Toronto, April 23 (IANS) Researchers at Simon Fraser University have concluded that cholesterol may have a few good qualities like slowing or halting cancer cell growth, after all the bad publicity it has received for its role in heart disease or obesity.
They arrived at this conclusion while trying to understand how cholesterol moves around inside cells in the fat's journey to cell surfaces where it reinforces their outer membrane.
They described how cholesterol-binding proteins called ORPs may control cancer cell growth, the Journal of Biological Chemistry reports.
"The assumption was that ORPs bind and transport cholesterol inside cells in a similar fashion to how lipoproteins bind and move around the fat outside cells through the blood stream," explains Chris Beh, associate professor of molecular biology and biochemistry from Simon Fraser, who co-authored this paper, according to a Simon Fraser statement.
Beh and colleagues noted that genetic changes engineered by them block the ability of ORPs to bind cholesterol but don't stop ORPs from functioning.
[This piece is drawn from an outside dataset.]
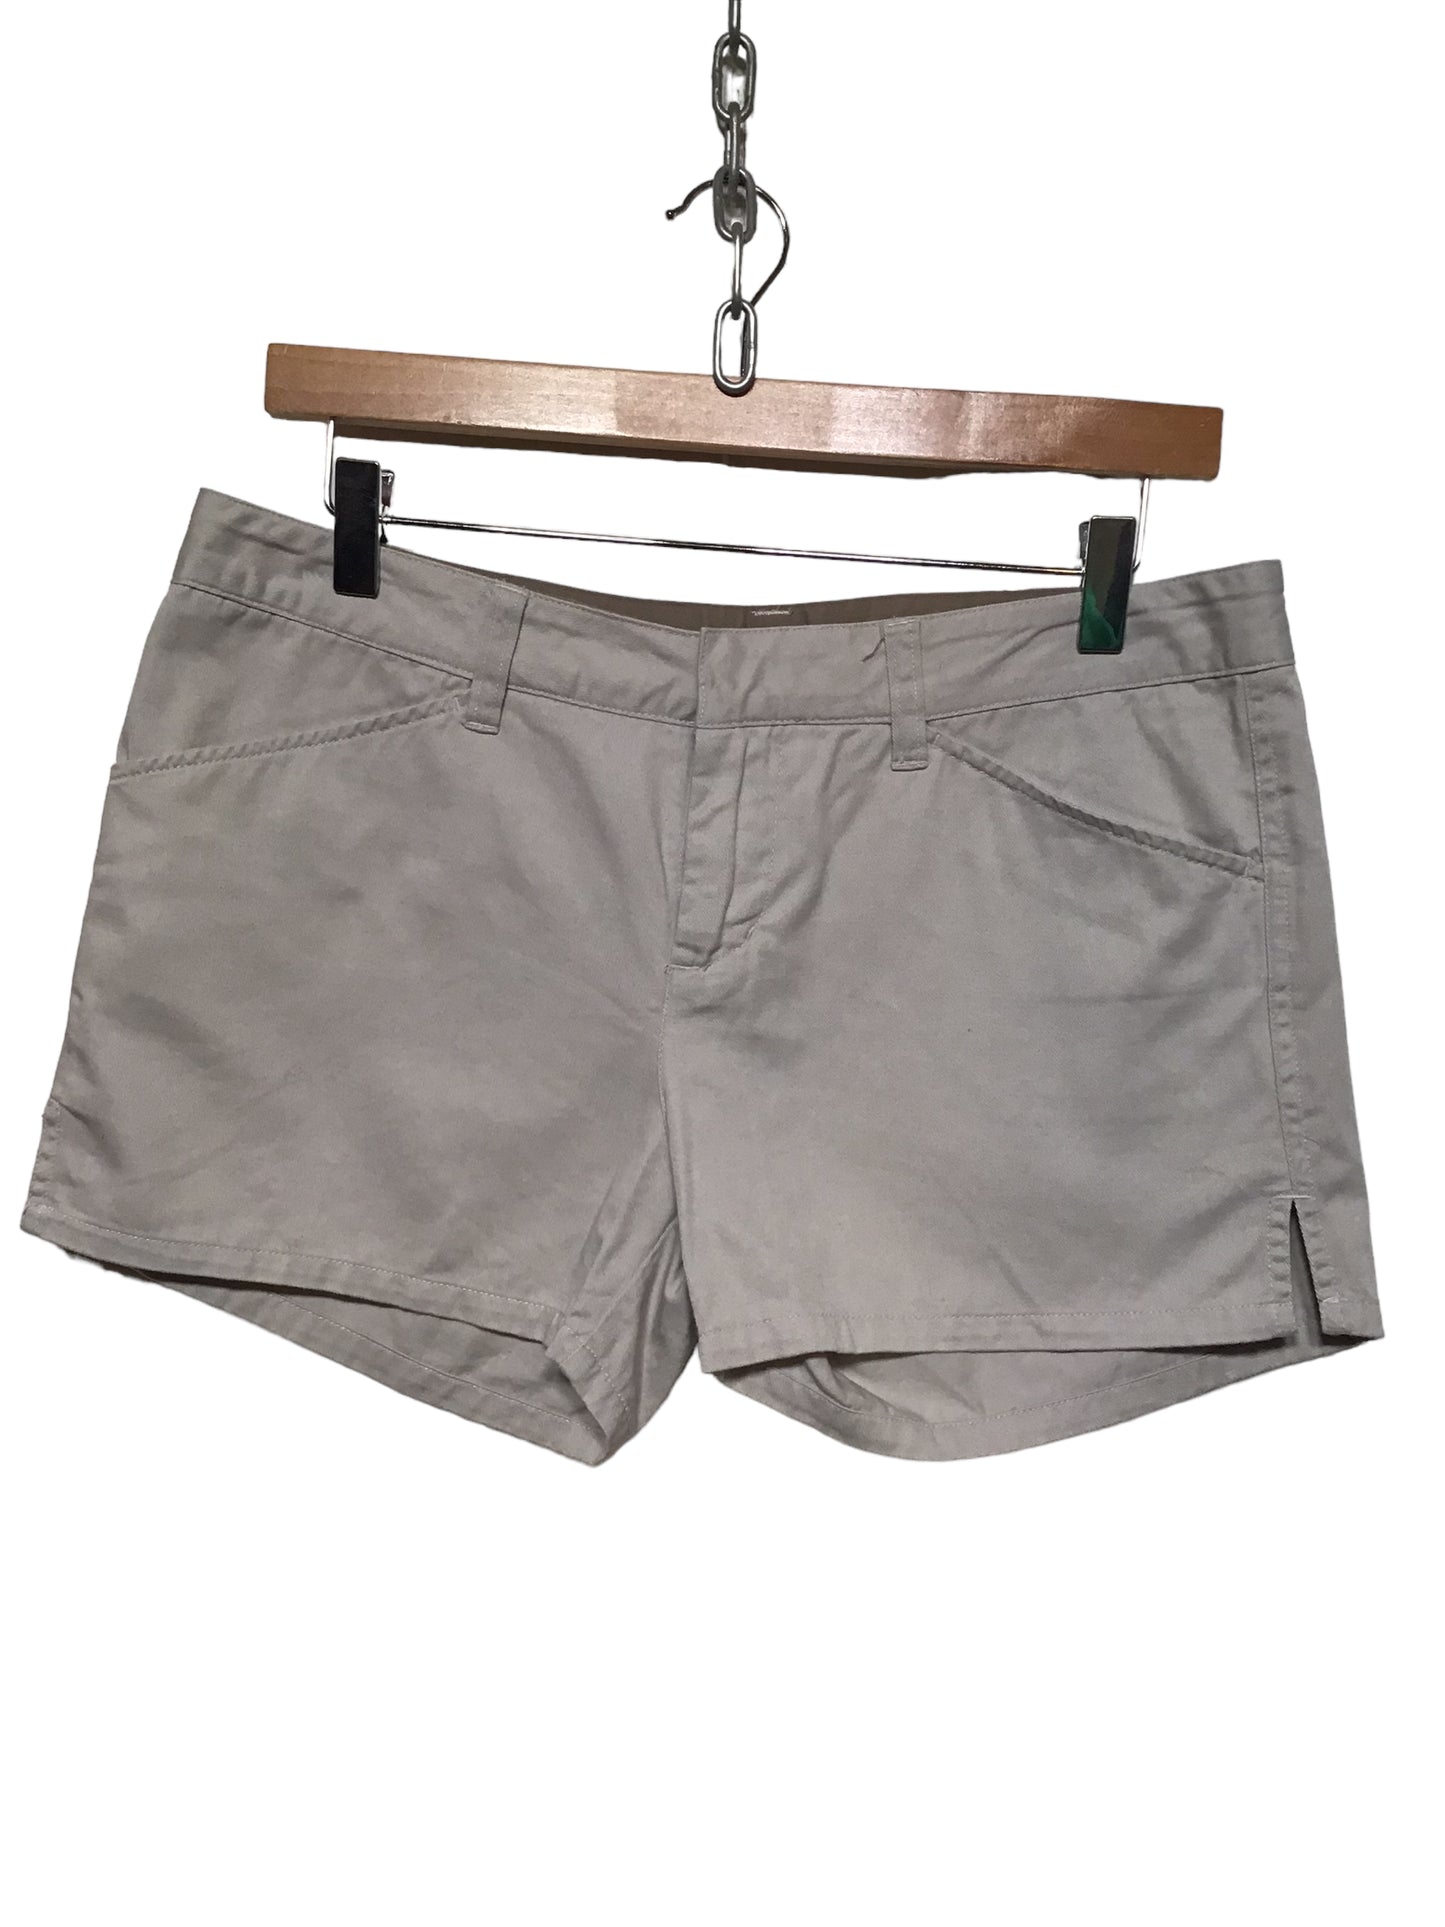 Volcom Stone Shorts (Size L)

In fact, these altered ORPs work better and activate other regulator proteins, which in turn trigger a variety of cellular processes that stimulate cell growth.
"First, cancer cells require ORPs to survive," explains Beh. "Second, other scientists have previously shown that a new class of natural compounds that look like steroids or cholesterol can kill a broad spectrum of different cancer cells."